* [WHAT THE EXERCISE ASKS]:
In this exercise, print only the lines of the records below from the one with "Belle maison en" through the one with "laringoscopia", inclusive. Pictures are not part of the copy.

* [THE INPUT]:
■ ■ ■ ■
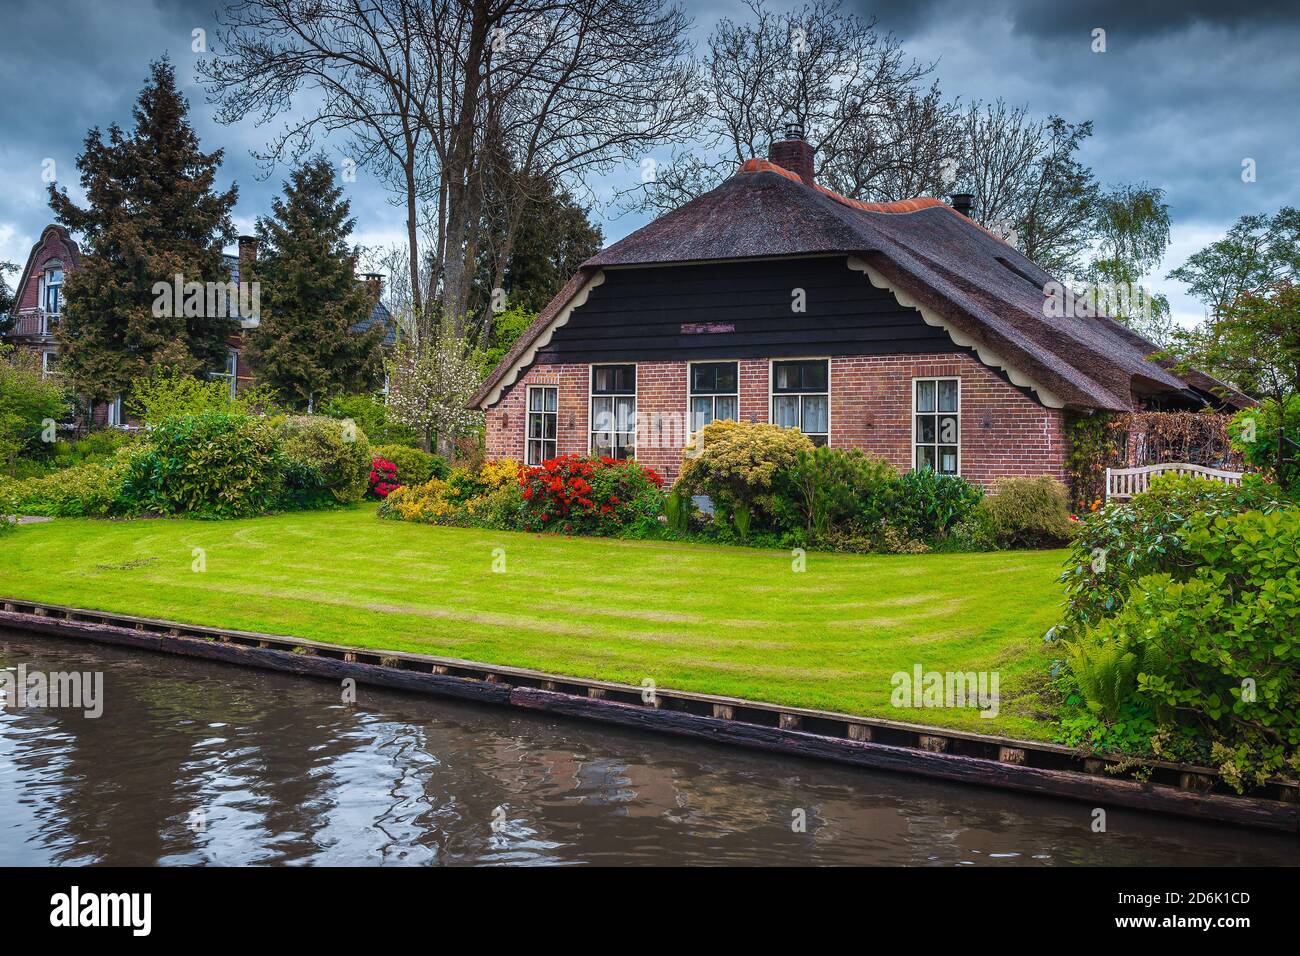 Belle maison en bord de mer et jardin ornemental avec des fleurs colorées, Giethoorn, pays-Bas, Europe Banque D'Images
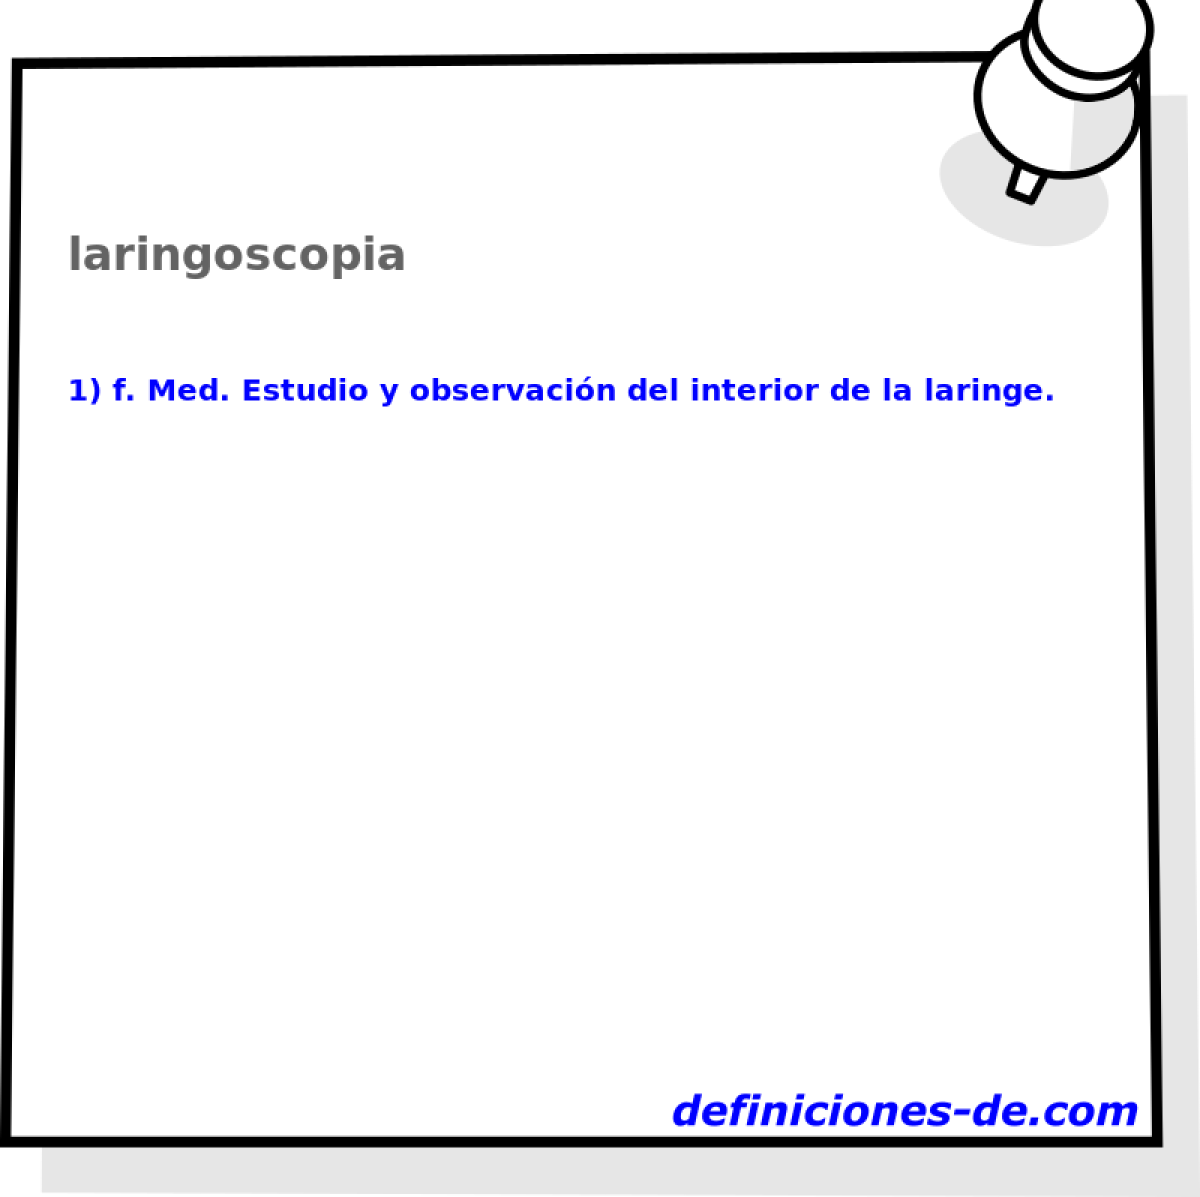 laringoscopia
■ ■ ■ ■
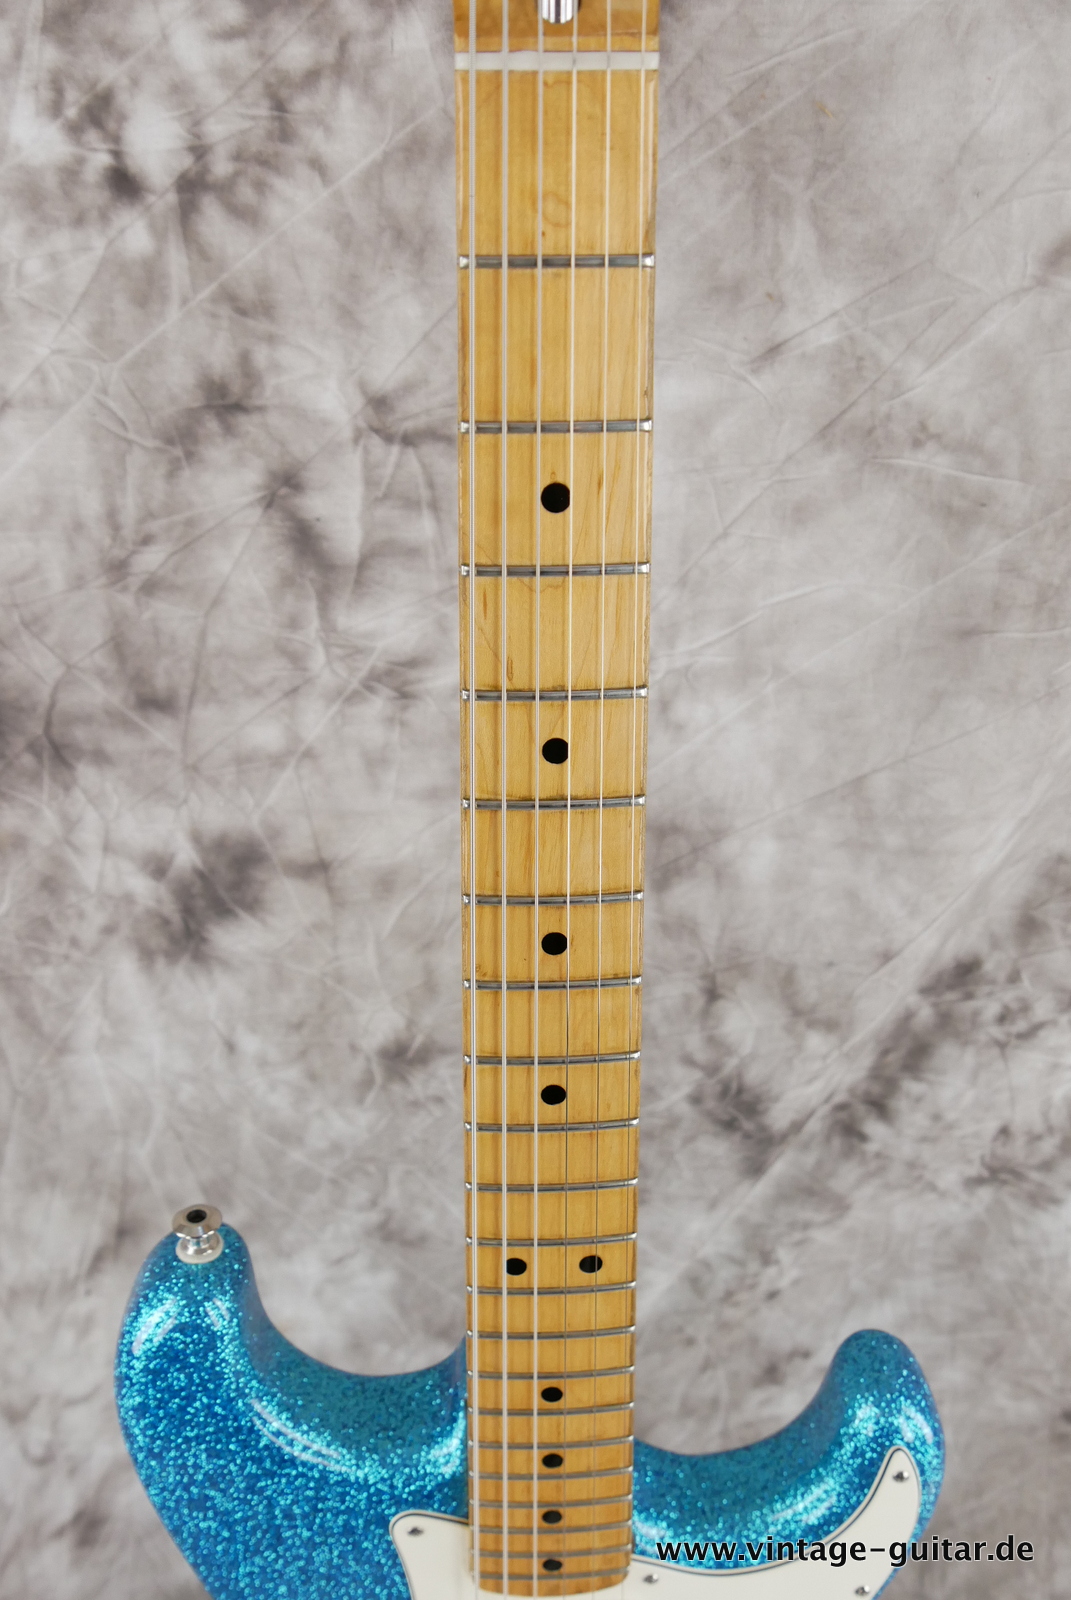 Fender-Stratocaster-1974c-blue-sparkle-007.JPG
■ ■ ■ ■
* [RESPONSE BELOW]:
 Belle maison en bord de mer et jardin ornemental avec des fleurs colorées, Giethoorn, pays-Bas, Europe Banque D'Images
 laringoscopia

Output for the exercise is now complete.